Before the Court is Plaintiff's Motion Requesting Reconsideration (R. Doc. 41) of the judicial decision granting Summary Judgment to FIA Card Services (“FIA”), subsequent to the documentary hearing on June 25, 2008. After review of the pleadings and applicable law, and for the reasons that follow,

IT IS ORDERED that Plaintiff's Motion is DENIED .

BACKGROUND This case involves Plaintiff’s use of a credit card. On July 17, 2008, this Court entered Judgment in favor of FIA and confirmed FIA’s binding arbitration award in the amount of $49,233.74. (R. Doc. 40).

Plaintiff argues that there are unresolved triable issues of material fact in dispute, and that Defendant is not entitled to a judgment as a matter of law. He seeks a trial by jury pursuant to 9 U.S.C.A. § 4 to determine the existence of a valid arbitration agreement. Plaintiff asserts that the National Arbitration Forum conducted the arbitration hearing without Plaintiff’s consent or participation. Plaintiff asserts that pursuant to the Federal *2 Arbitration Act (“FAA”), the arbitrability of a dispute is to be determined by the court. Therefore, Plaintiff argues that the issuance of a Summary Judgment would deprive Plaintiff of the right to due process.

Plaintiff argues FIA’s Motion for Summary Judgment was untimely filed, that no valid arbitration agreement existed between the parties, and that Defendant is in violation of the Fair Credit Billing Act (“FCBA”), and as such is currently barred from pursuit of collection efforts.

Defendant asserts that Plaintiff has failed to delineate any of the four ways in which a binding arbitration may be overturned: (1) that the award was biased, (2) the award was secured by fraud, (3) the arbitrator acted arbitrarily or capriciously in issuing the award or (4) material error in the calculation of the award.

DISCUSSION If a motion is served after ten days, it falls under Rule 60(b) as opposed to Rule 59(e). Plaintiff’s motion was filed twelve days after the judgment was issued, thus, Plaintiff’s motion shall be considered under Rule 60(b). Rule 60(b) provides relief from final judgment for the following reasons: (1) mistake, inadvertence, surprise or excusable neglect; (2) newly discovered evidence; (3) fraud; (4) the judgment is void; (5) the *3 judgment has been satisfied; or (6) any other reason that justifies relief. Fed.R.Civ.P.60(b).

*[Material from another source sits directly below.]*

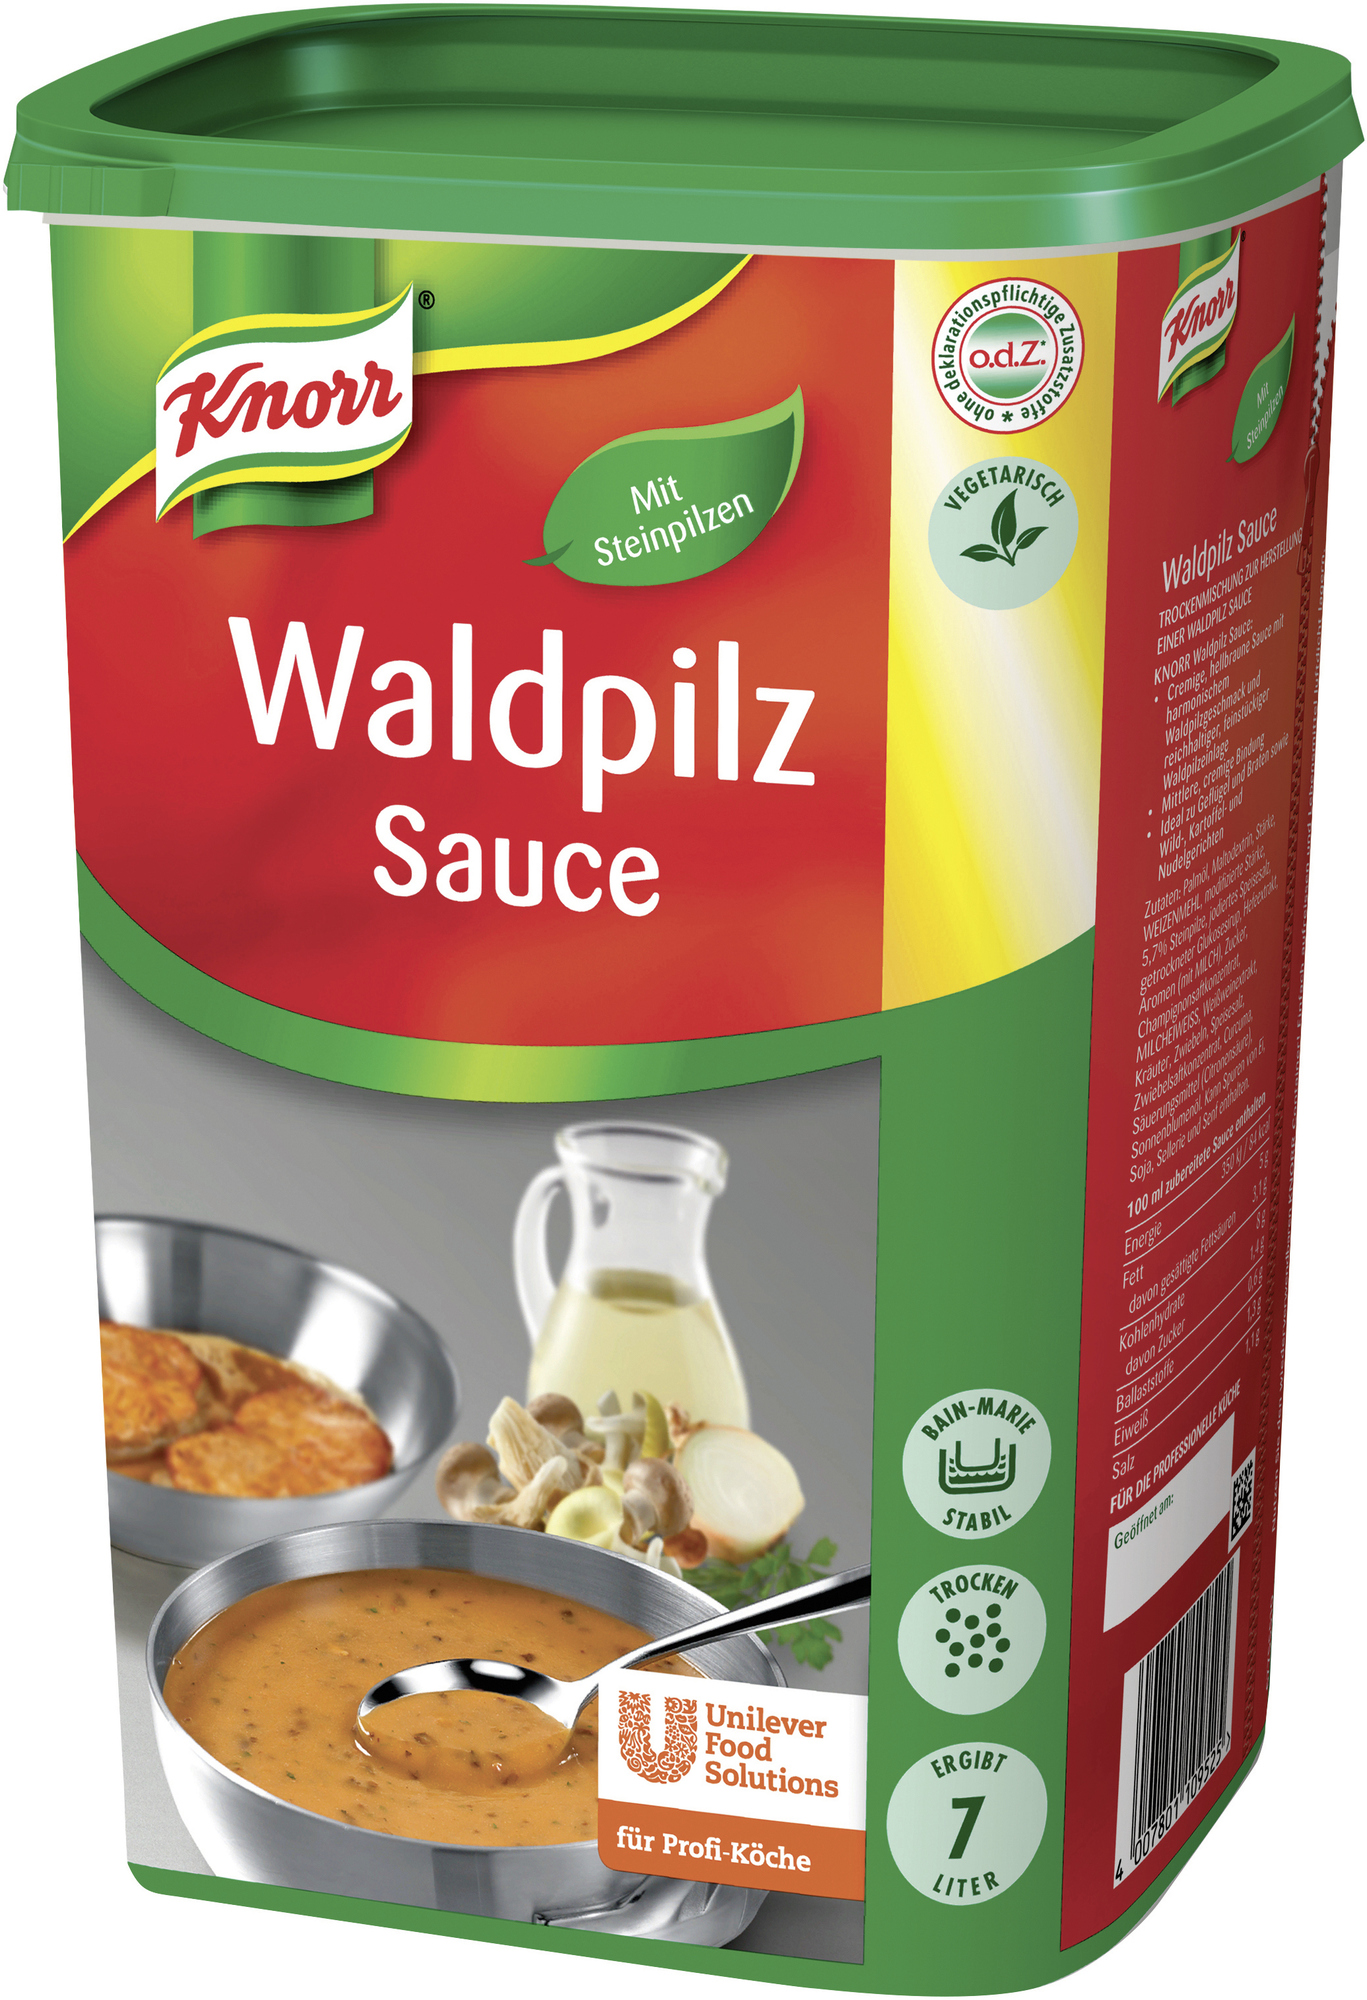 Waldpilz Sauce 1000g

In adherence to the Federal Arbitration Act (“FAA”), 9 U.S.C.A. § 10 this Court may vacate an award:

(1) where the award was procured by corruption, fraud, or

undue means; (2) where there was evident partiality or corruption in the

arbitrators, or either of them; (3) where the arbitrators are guilty of misconduct in

refusing to postpone the hearing, upon sufficient cause shown, or in refusing to hear evidence pertinent and material to the controversy; or if any other misbehavior by which the rights of any party have been prejudice; or

(4) where the arbitrators exceeded their powers, or so

imperfectly executed them that a mutual, finals, and definite award upon the subject matter submitted was not made.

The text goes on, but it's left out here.